Do you agree or disagree with the following statement when marginal revenue equals marginal cost total cost equals total revenue and the firm makes zero profit?

No it is not true. MC=MR it's "only" the condition of optimization of the firm. This is the condition under which the firm chooses the best quantity to produce given its cost structure. Under this condition you are sure that given that structure the firm maximizes its profits. But this does not implies that the firm is actually making profits(f.e. it could miximize its profits simply making a loss of -21 instead of -22). To be sure of that you have to consider the total cost function. The total cost function is defined as: TC=qxVC+FC than you have to consider the revenue function TR=qxP to see if the firm it's actually making profits you have to calculate TR-TC=Profit note that you can't find the total cost function by the marginal cost function. q=quantity VC=variable cost FC=fixed costs P=price of item sold


At zero production what are variable costs?

At zero production variable cost will be zero because variable cost is the cost occured for producing a product but their will be some fixed cost.


What are the aims of firms?

1) Profit maximisation.The standard assumption made by economist is that firm will seek to maximise their profit that is maximise the gap between the firm's total revenue and total cost (including normal profit.) A firm making the minimum level of normal profit is said to be producing the break even output. Firms will want to make abnormal profit as a reward for managing the resources and taking business risks.2) Sales revenue maximisation A firm may be prepared to accept a lower price and produce above the profit maximising output in order to increase its market share in a growing market. This is a penetration pricing policy.A firm choose to maximise its sales revenue would raise output beyond MC=MR until MR had fallen to zero. Extra sales after this would contribute nothing to total revenue, therefore it is at maximum.

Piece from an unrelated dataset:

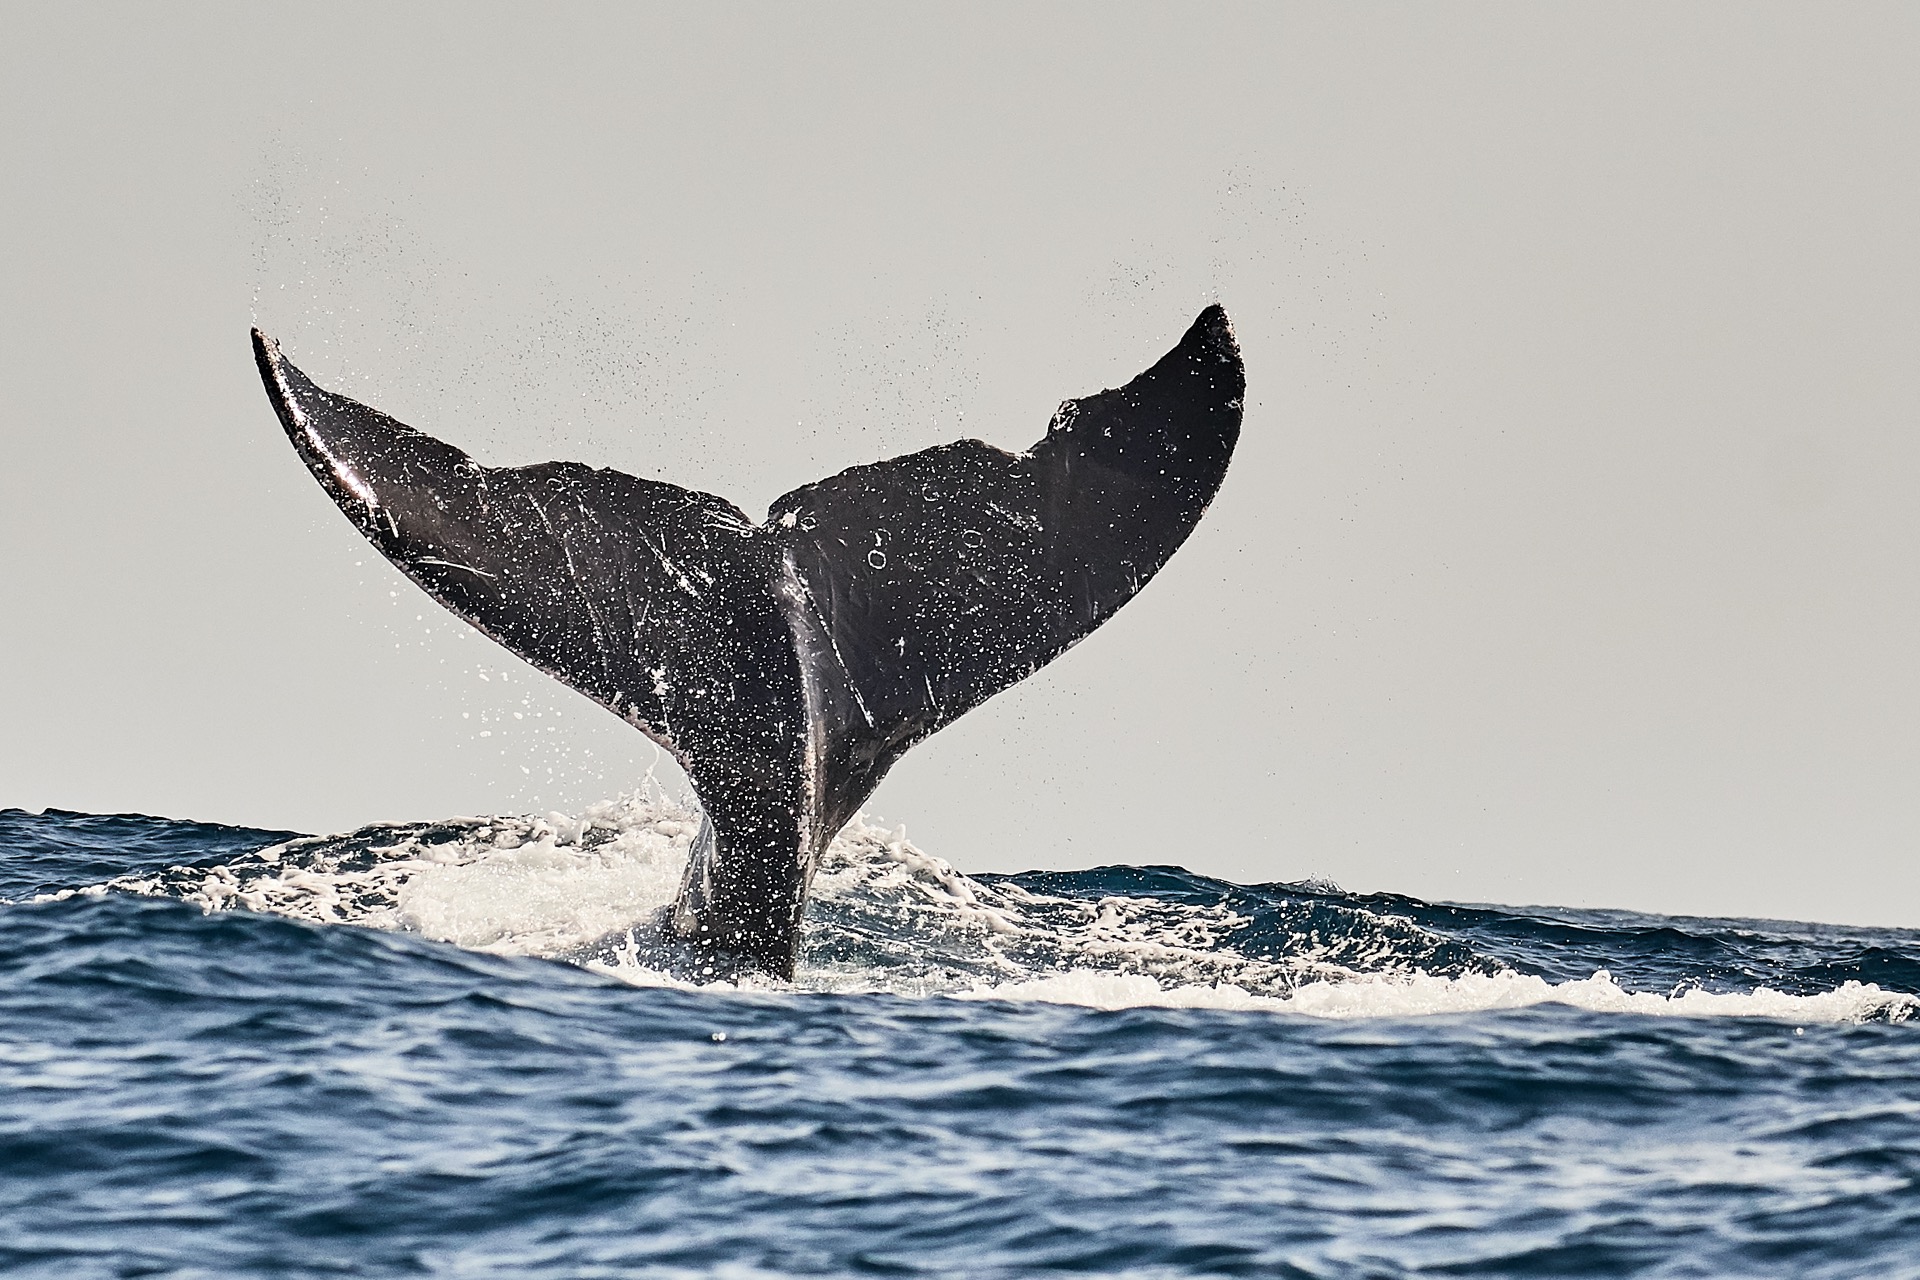 Eco-Friendly Whale Watching Puerto Escondido

Profits encourage entry into purely competitive industries and losses encourage exit from purely competitive industries because?

When profits are zero, the firm is earning sufficient revenue to cover the opportunity cost.

Related questions

What is the definition for opposite?

the thing that when acted upon will produce nothing or zero.

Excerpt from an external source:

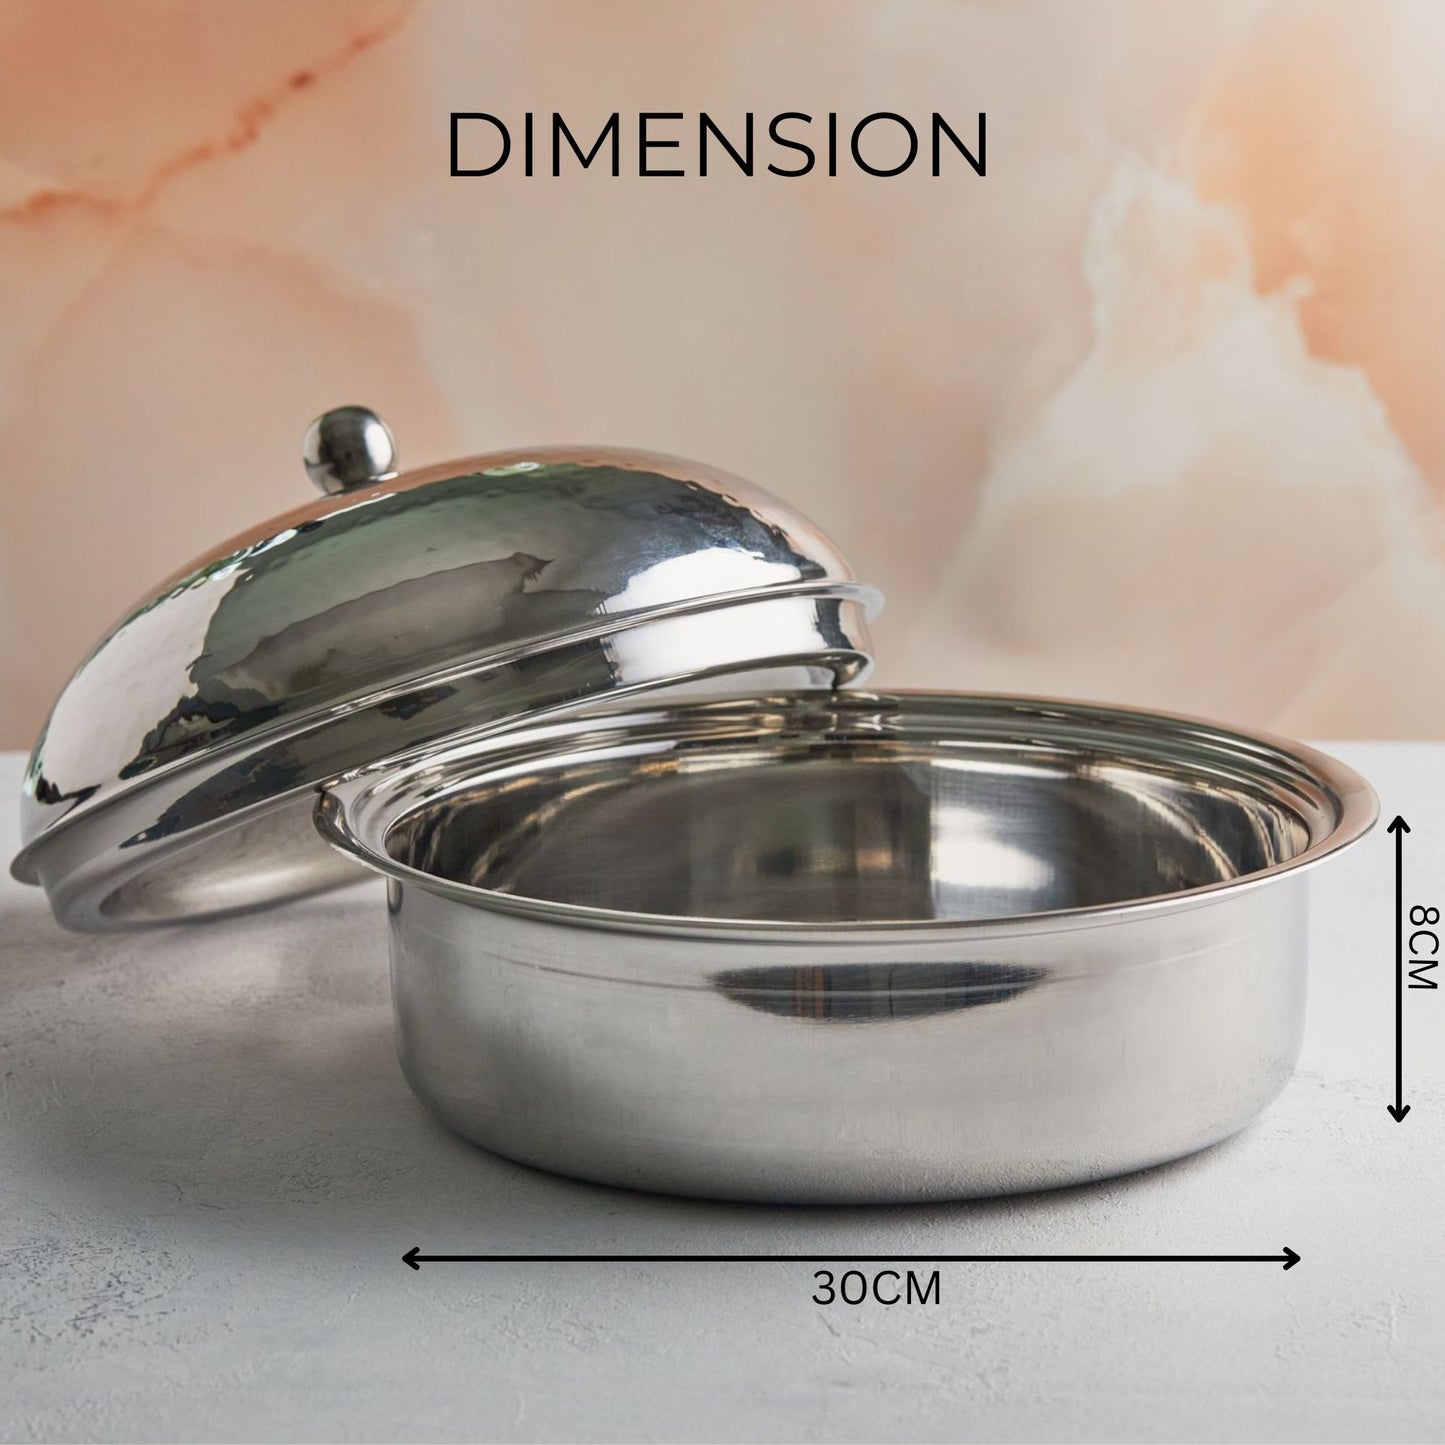 Handcrafted Premium Mother of Pearl with Insulated Stainless Steel Casserole 3.5L

Can opportunity cost be zero?

Opportunity cost can be zero if there are no scarcity in goods and services and resources used to produce such commodities that can lead consumers to make a choice to fulfill their wants


How much does it cost to shut up?

It costs nothing to remain silent or choose not to speak. It's a decision that doesn't require payment or financial transaction.


Why is ZERO ZERO?

Zero is nothing which equals nothing :)


What is a three letter word for zero?

Zip = nothing/zero Nix = nothing/zero Nil = nothing/zero


How much does a free book cost?

Nothing. Zero. Cero. Zéro. 零. Bằng không.


Do you agree or disagree with the following statement when marginal revenue equals marginal cost total cost equals total revenue and the firm makes zero profit?

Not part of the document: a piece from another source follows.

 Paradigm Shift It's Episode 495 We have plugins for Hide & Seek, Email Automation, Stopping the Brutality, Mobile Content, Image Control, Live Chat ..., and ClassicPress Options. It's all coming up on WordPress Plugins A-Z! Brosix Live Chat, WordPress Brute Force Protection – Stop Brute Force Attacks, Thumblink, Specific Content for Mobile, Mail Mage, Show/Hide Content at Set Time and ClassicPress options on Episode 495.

No it is not true. MC=MR it's "only" the condition of optimization of the firm. This is the condition under which the firm chooses the best quantity to produce given its cost structure. Under this condition you are sure that given that structure the firm maximizes its profits. But this does not implies that the firm is actually making profits(f.e. it could miximize its profits simply making a loss of -21 instead of -22). To be sure of that you have to consider the total cost function. The total cost function is defined as: TC=qxVC+FC than you have to consider the revenue function TR=qxP to see if the firm it's actually making profits you have to calculate TR-TC=Profit note that you can't find the total cost function by the marginal cost function. q=quantity VC=variable cost FC=fixed costs P=price of item sold


Why is absolute zero important?

absolute zero is the essence of nothing and nothing is a quantity of zero.


Why zero minus zero is zero?

If you have no money, and someone takes nothing away from you, you still have nothing :)


Is zero divisible by zero?

No, nothing can be divisible by zero.


When a firm employs no debt?

It has a financial leverage of zero.


Why is absolution important?

absolute zero is the essence of nothing and nothing is a quantity of zero.